■ Description of the task ■
Reproduce all the lines below exactly and omit the images.

■ Provided data ■

>>>

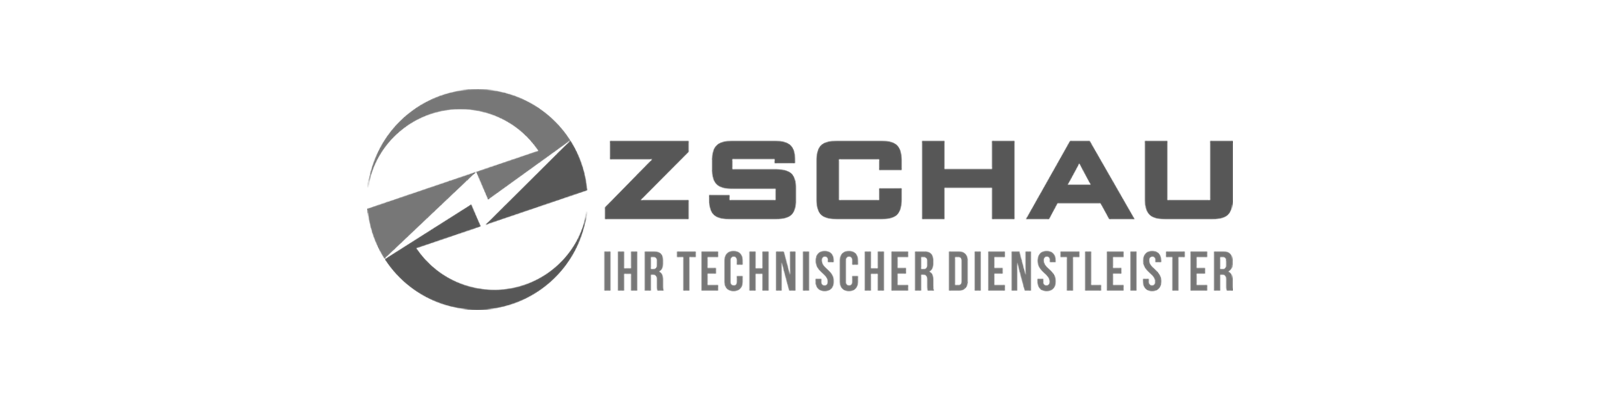 zschau-greyscale-2
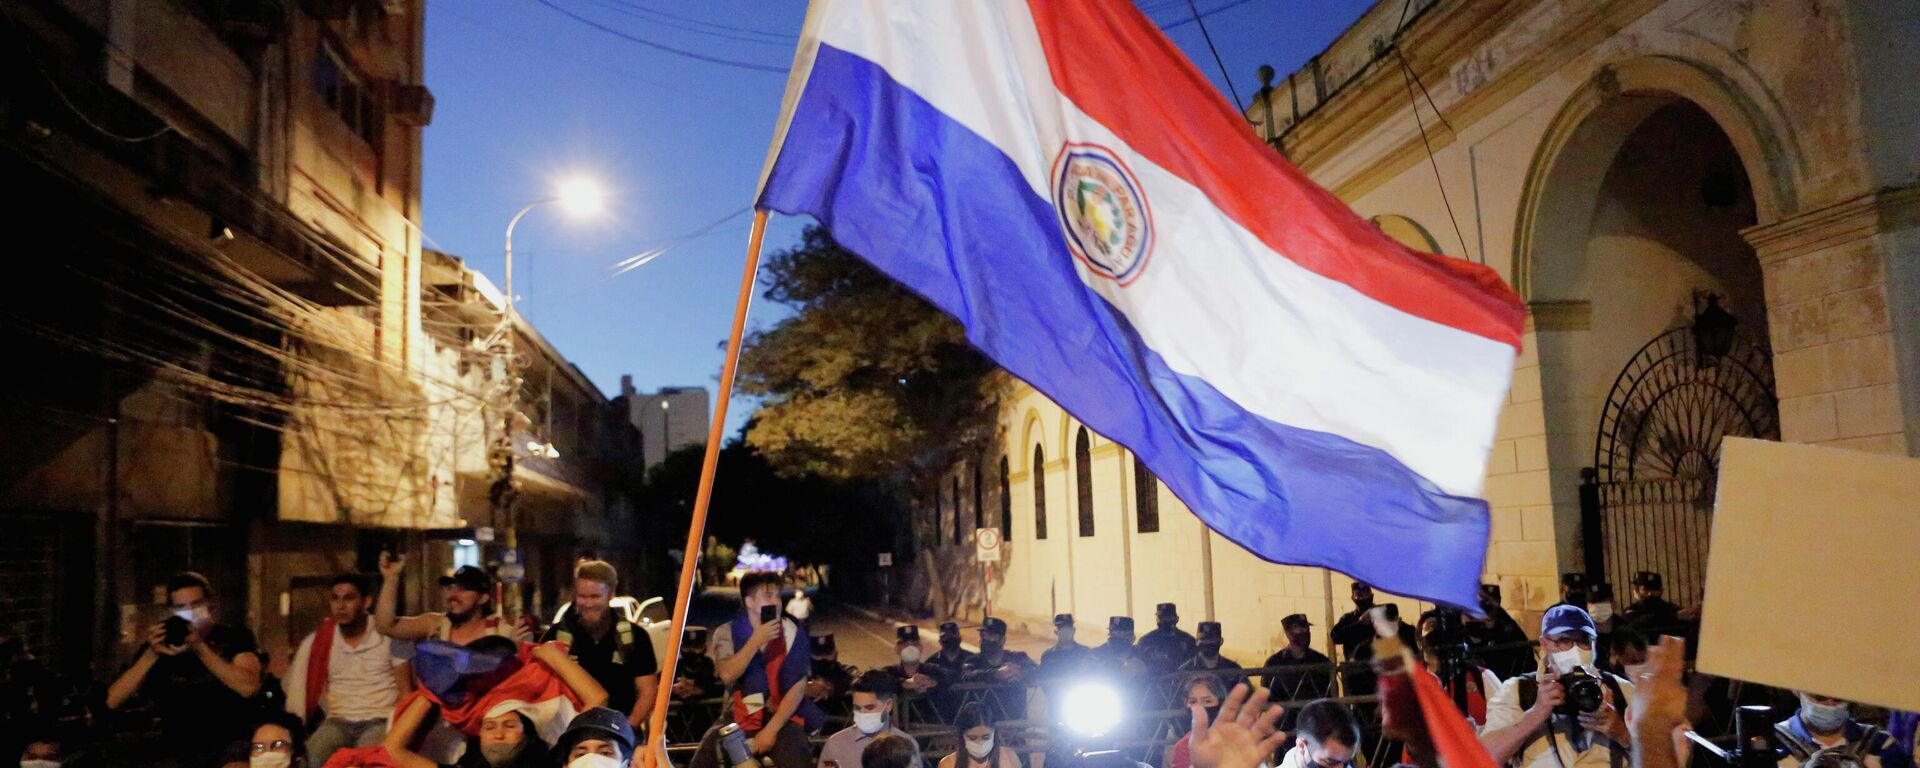 Protestas en Paraguay - Sputnik Mundo, 1920, 10.03.2021
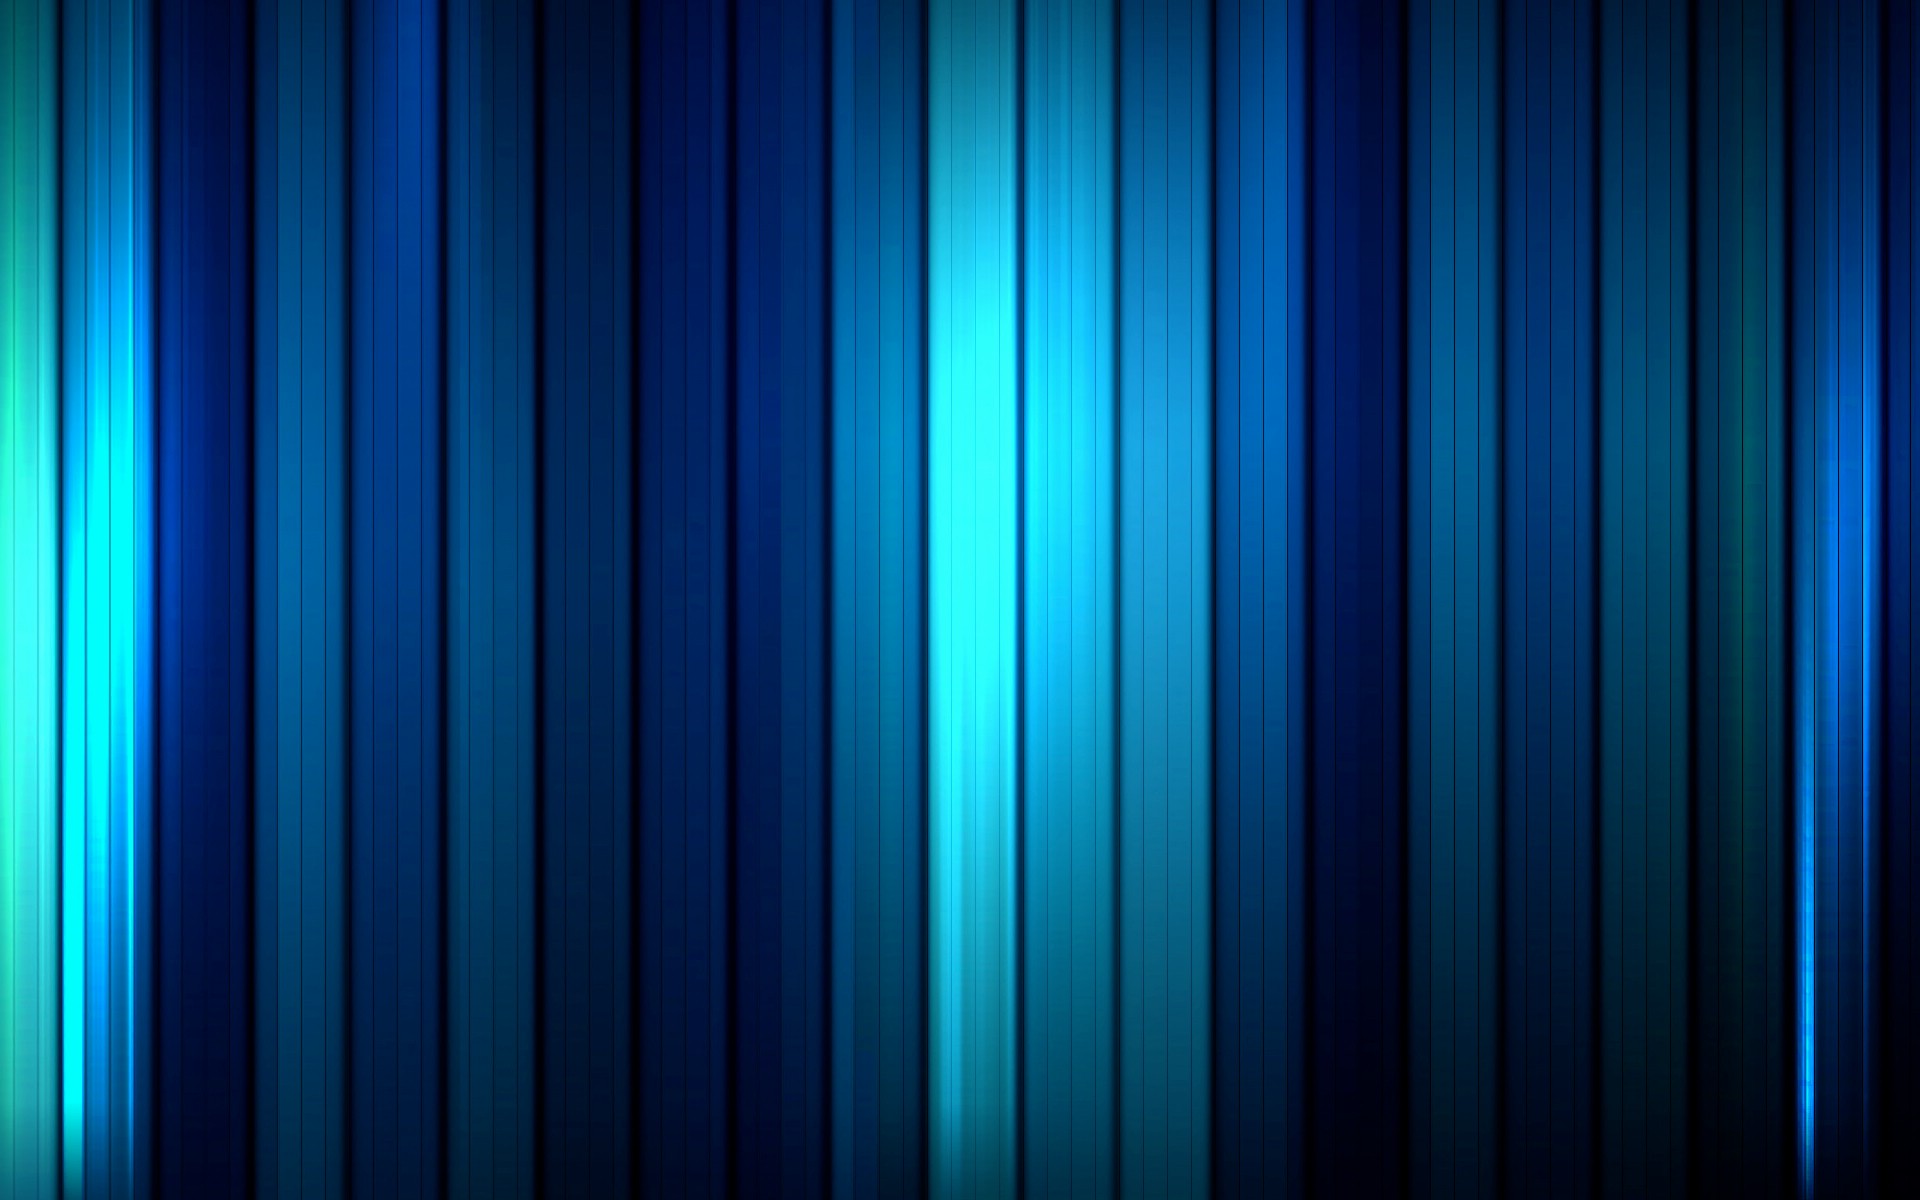 壁纸1920x1200蓝色静谧主题系列壁纸壁纸 蓝色静谧主题系列壁纸壁纸 蓝色静谧主题系列壁纸图片 蓝色静谧主题系列壁纸素材 创意壁纸 创意图库 创意图片素材桌面壁纸
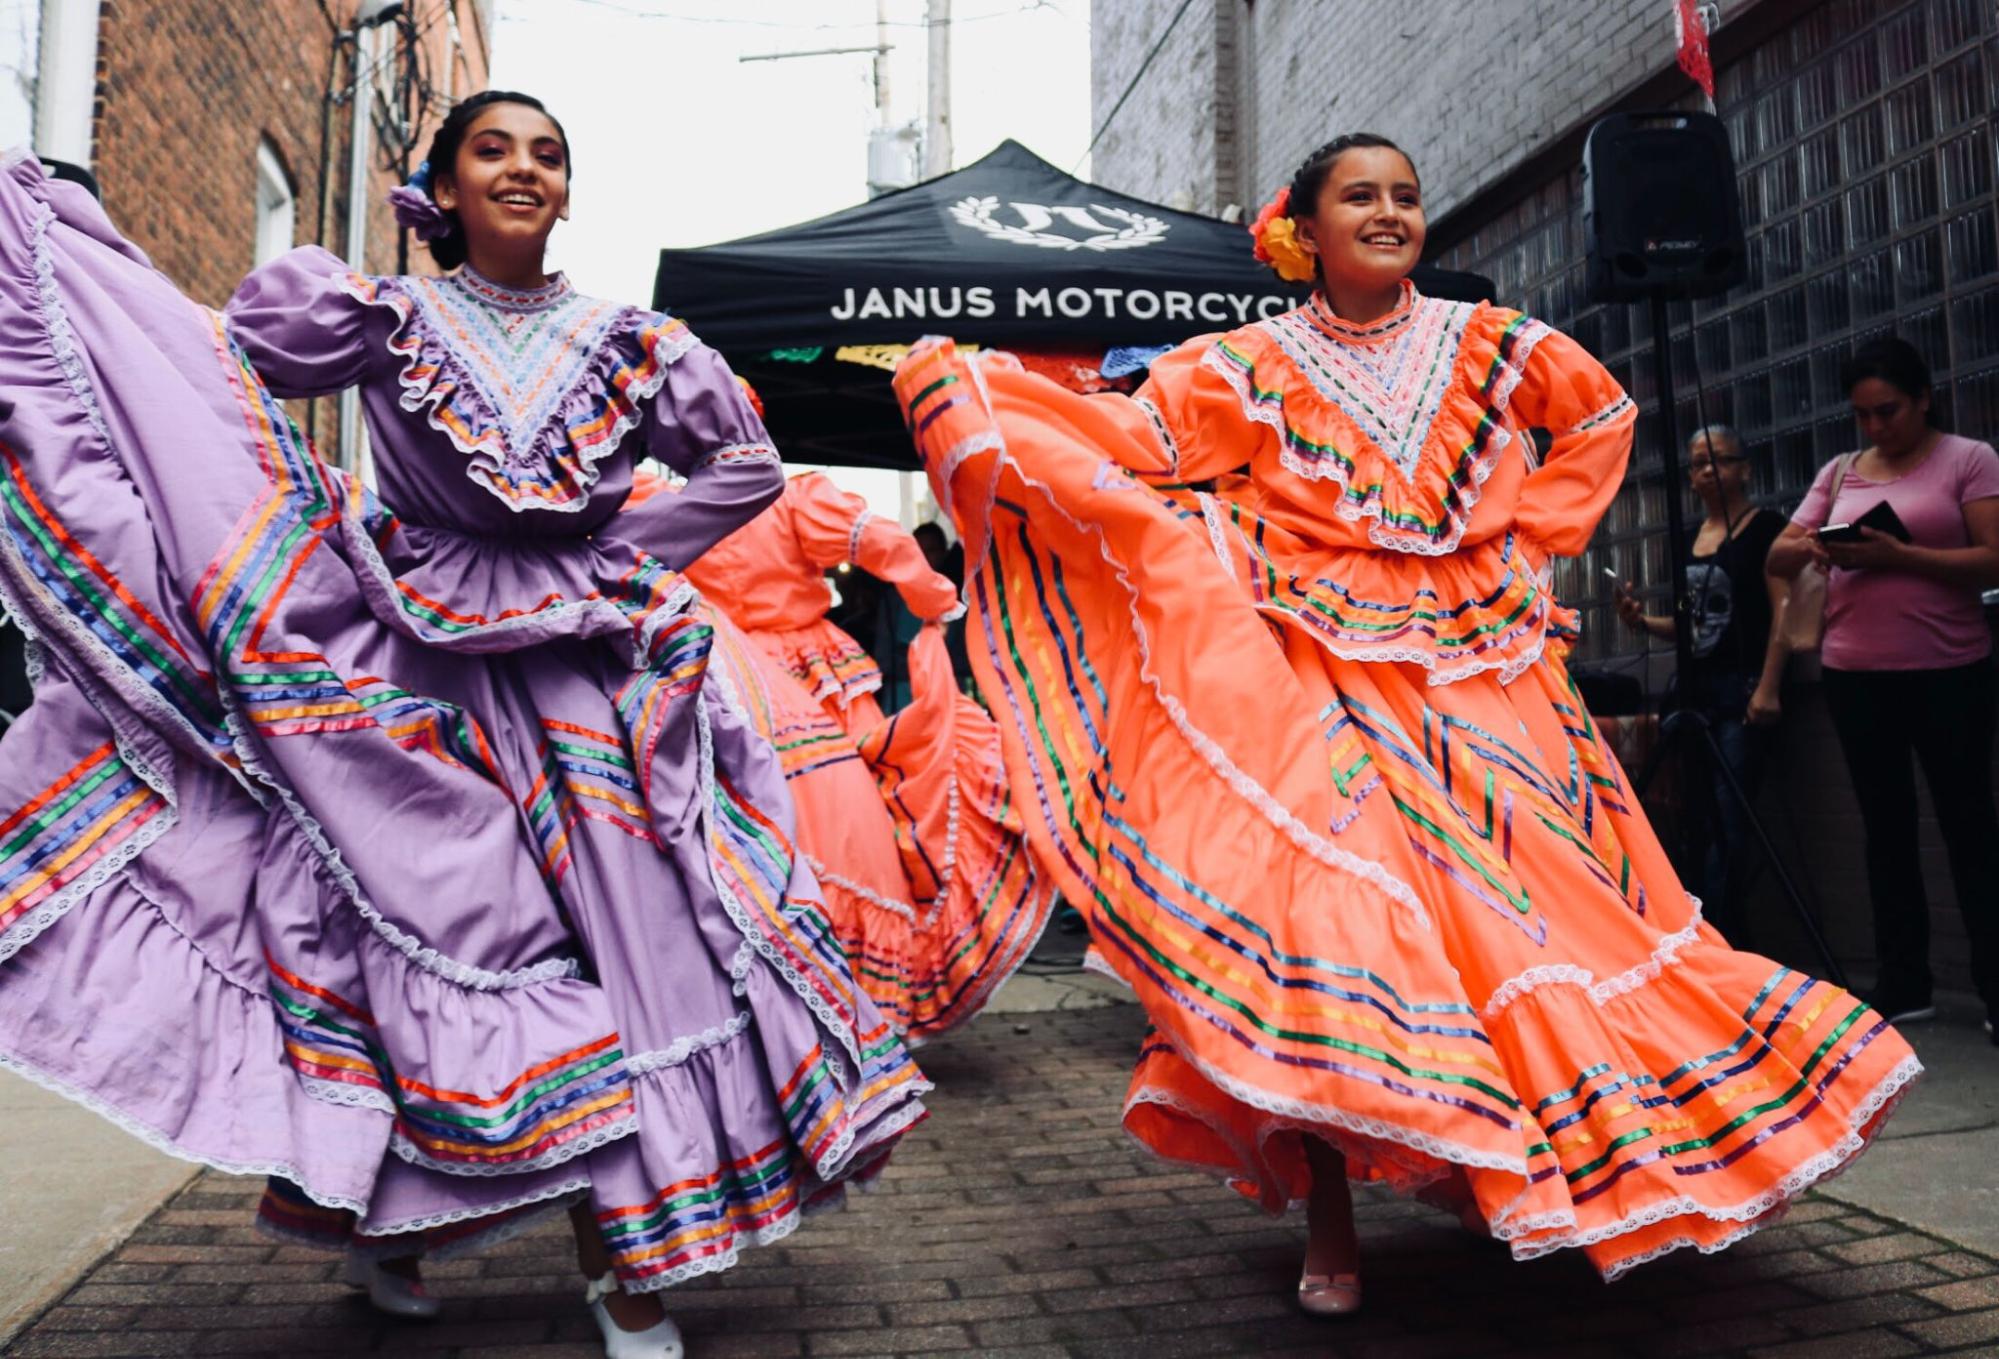 alt text: Foto de duas mulheres com vestidos longos, um roxo e outro laranja, e dançando uma dança típica de sua cultura

<<<

■ Result of the task ■
 zschau-greyscale-2
 Protestas en Paraguay - Sputnik Mundo, 1920, 10.03.2021
 壁纸1920x1200蓝色静谧主题系列壁纸壁纸 蓝色静谧主题系列壁纸壁纸 蓝色静谧主题系列壁纸图片 蓝色静谧主题系列壁纸素材 创意壁纸 创意图库 创意图片素材桌面壁纸
 alt text: Foto de duas mulheres com vestidos longos, um roxo e outro laranja, e dançando uma dança típica de sua cultura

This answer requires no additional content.